Do you believe in TCM? I had 2 miscarriages prior to my #1. My friend recommended me to the TCM at Marine parade and after 2 months, i conceived my son and gave birth in 2008. I did not see him for this second child , conceived naturally but only to lose her at 38wks.

Hi Ling,
Did you ask your gynae about trying for your second baby?

I will only have the autopsy result and my blood test result after my gynae visit at end of the month. Will update you. Do you mind to pm me your email?
 
Enjel, Ling & Shiseru,
be strong pls, same time encourage and console myself..

last week, i heard my angmo colleague that sitting in front of me, asking around to suggest name for his expecting bb due in sep10, my tears immediately rolling down...
 
Hi Ethan_mum,

You be strong too!

Nobody really understand how we feel. Sorry to ask but what is the reason for your lost? Did the gynae discuss with you what is the plan for the next baby?
After i delivered my baby, my gynae told me for my next pregnancy, I must deliver my baby before the 38 week.
 
Hi Enjel,
my cervix dilate and water came out then ruptured. My gyane said i might have incompentence cervix. in normal cases, incompentence cervix will attack during second trimester. so, In future pregnancies, i need stitch up my cervix when approaching 11-12wks... sigh..
 
Enjel,
gyane said i can try after one new cycle after the MC. conceiving is not easy, we spent 10months to conceive with opk for detecting the ovulation.
 
Enjel and Ling

I lost him at 34 weeks too. I did not even realise he was not moving as I confused them with the contractions. His elbows/knees were popping up my tummy so I thought he was just moving less. I was swollen and put on 4KG that week so I went to see the gynae before my appointment. We don't know the reason and we didn't want to send him for autopsy.

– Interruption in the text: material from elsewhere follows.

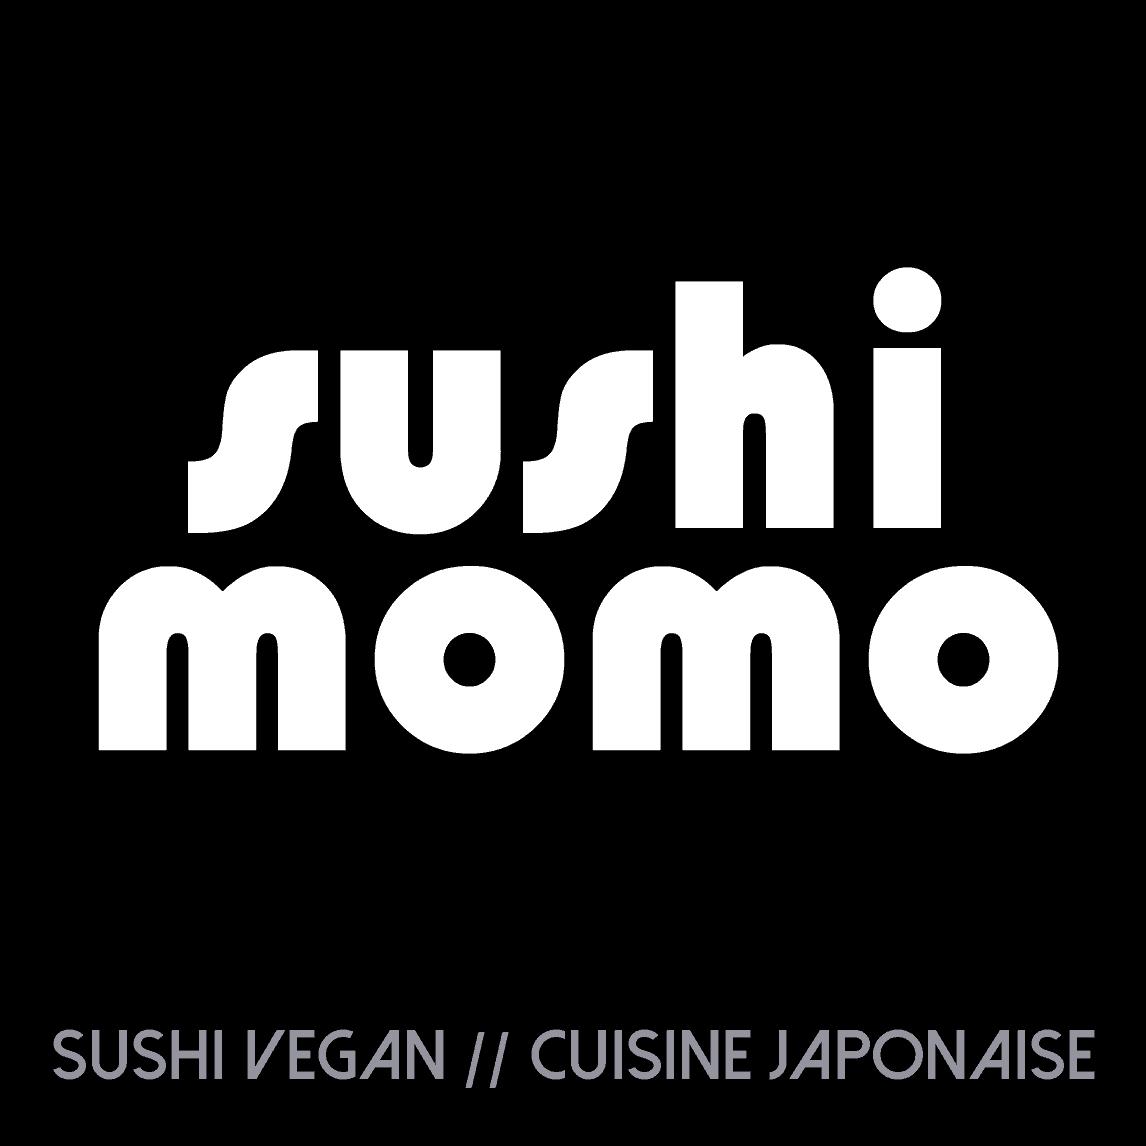 Sushi Momo Végétalien

I delivered him naturally and menses came back in a month or two. The gynae gave the green light and encouraged us to consider conceiving again soon.

Ling: It's better to ask your gynae for advice when to conceive again as yours is c-section.

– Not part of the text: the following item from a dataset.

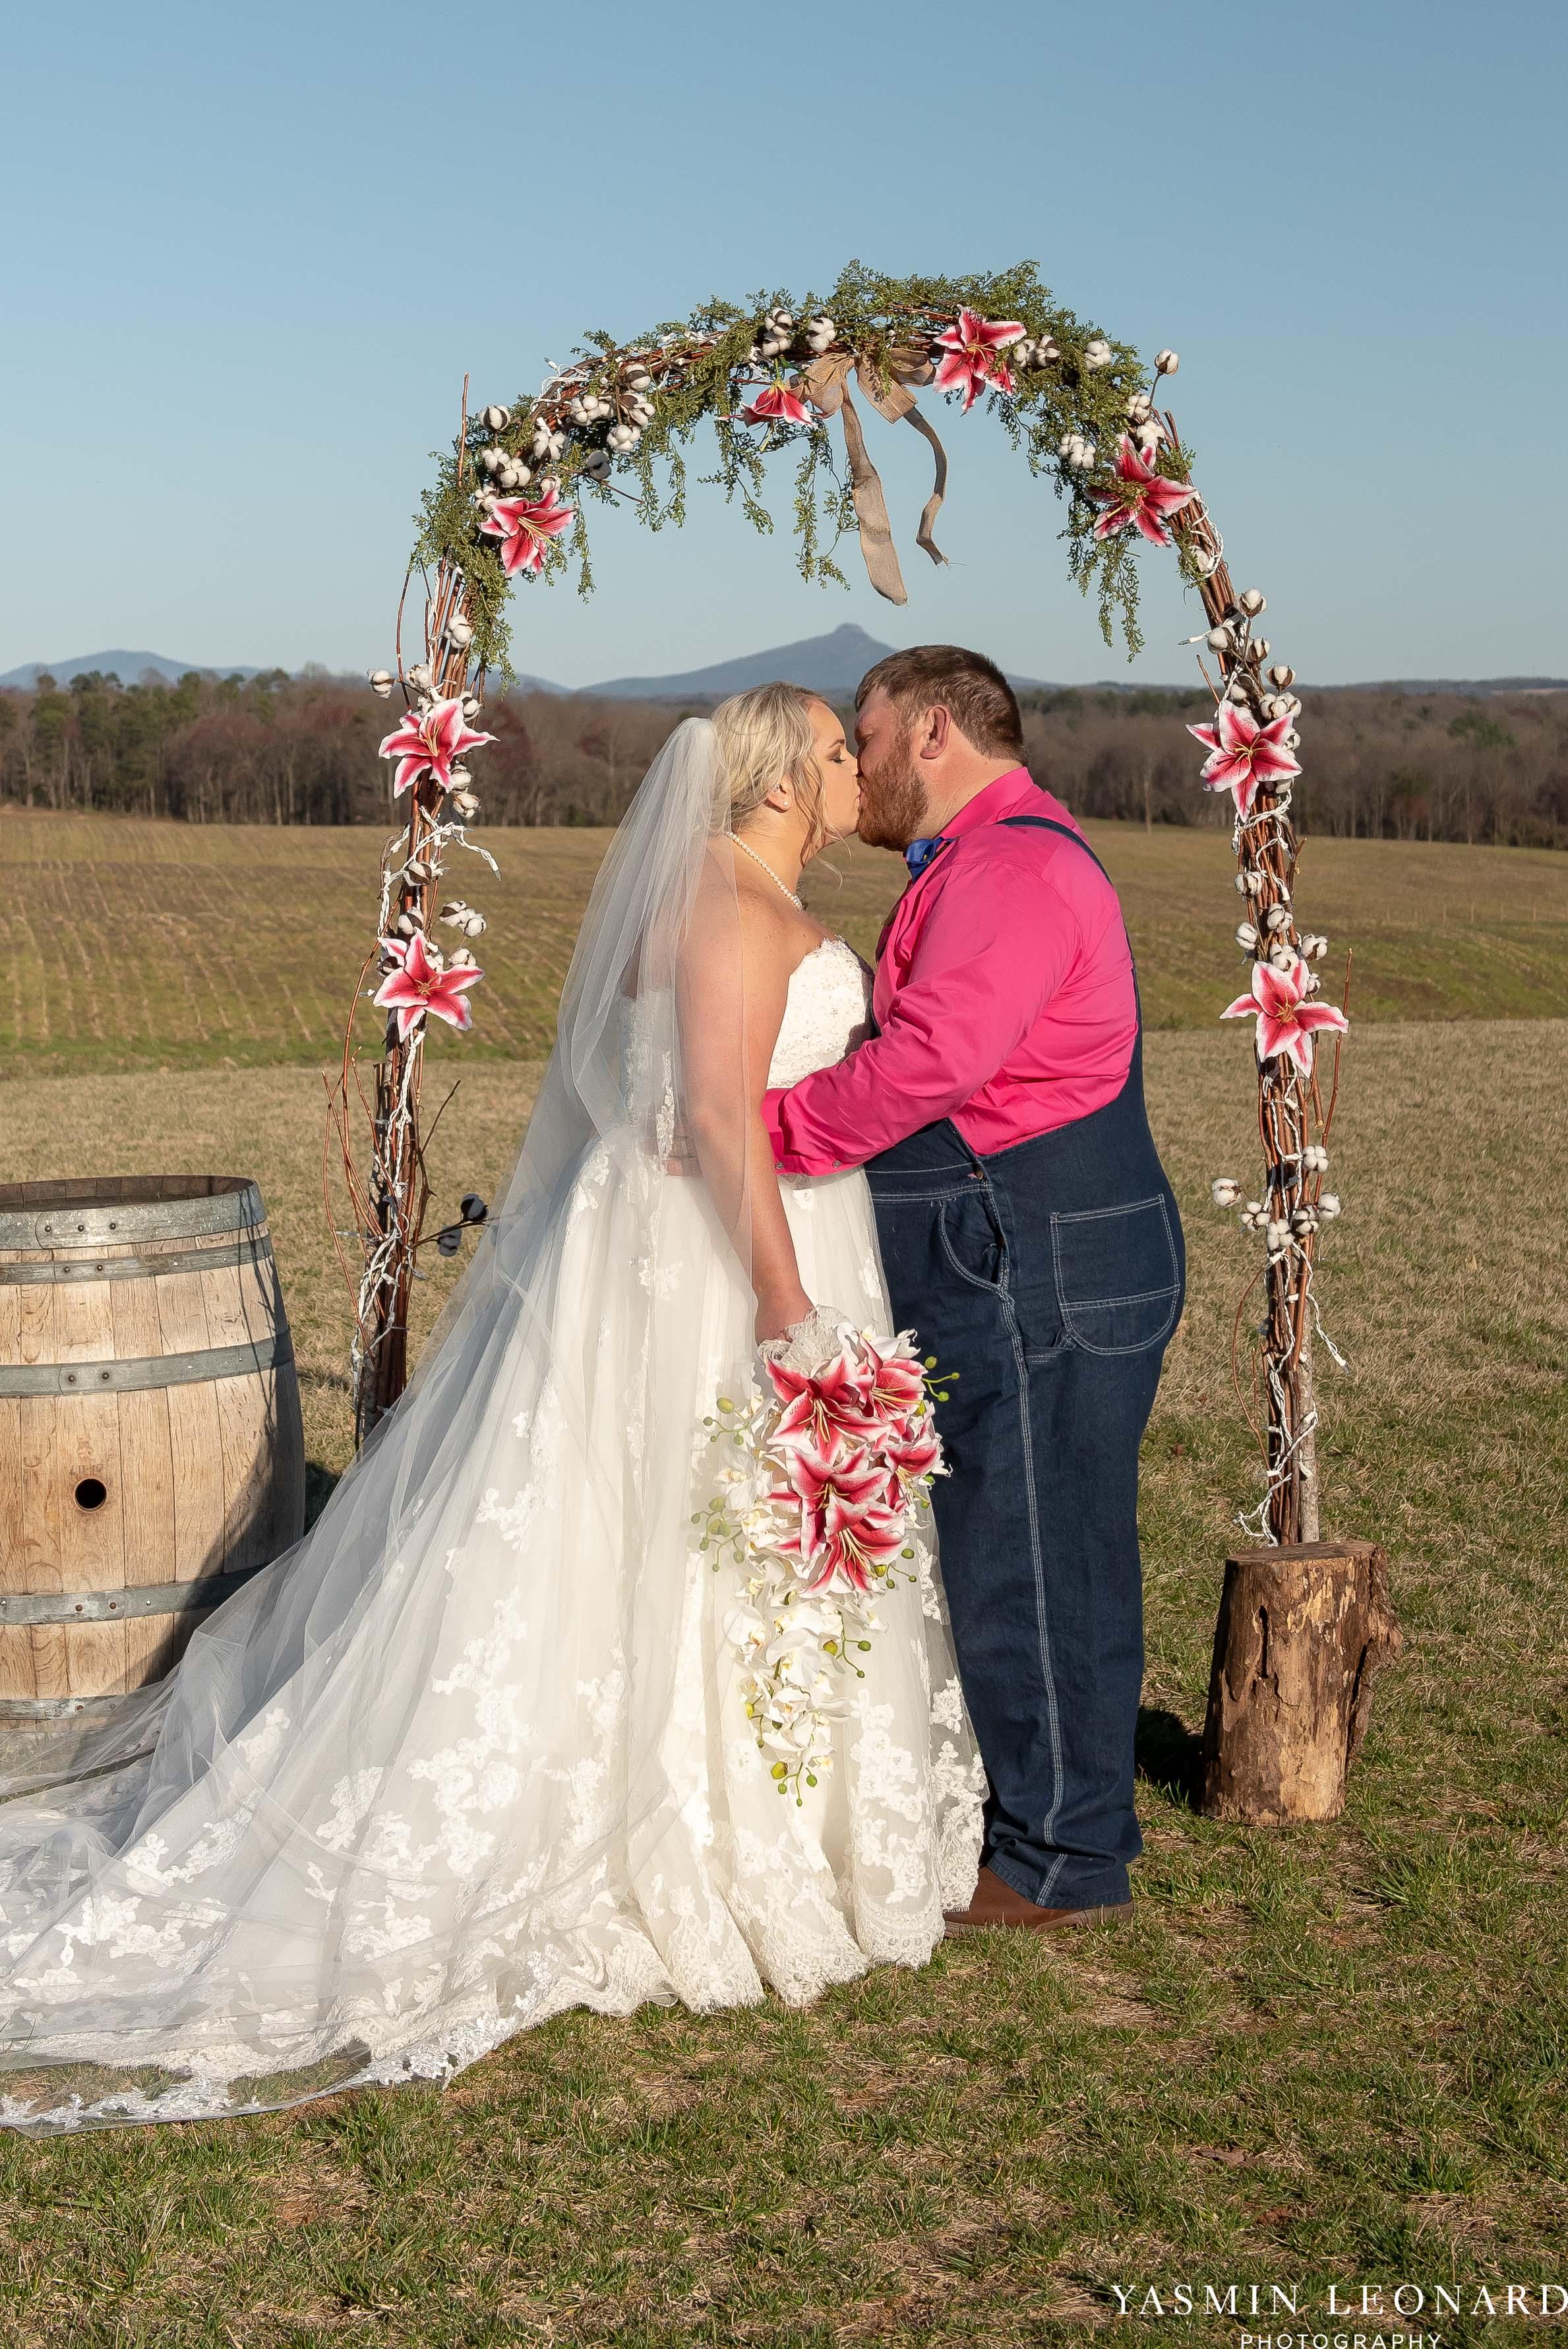 The Barn at Heritage Farm - Country Wedding - Pink and Blue Wedding - Barn Wedding - Outdoor Wedding - Cotton and Wheat Decor - Groom in Bibs - Pink Bridal Colors - Yasmin Leonard Photography-15.jpg

We conceived Baby D within 4 months and went through c-section at Week 37. We also did trace for his heartbeat (something like ECG) every alternate week from Week 30 onwards. According to the gynae, sometimes the heartbeat is there but we can only see any possible problem from the trace. Actually there was nothing we can do, it's more of letting us feel more assured for our case.

All brave ladies here! I did not even have the courage to see him before sending to the undertaker and we scattered his ashes into the sea, which I did not attend too. I know I will not be able to let him go. Till now, I still think of him even when Baby D is in my arms. The fear will never go away for my next pregnancies.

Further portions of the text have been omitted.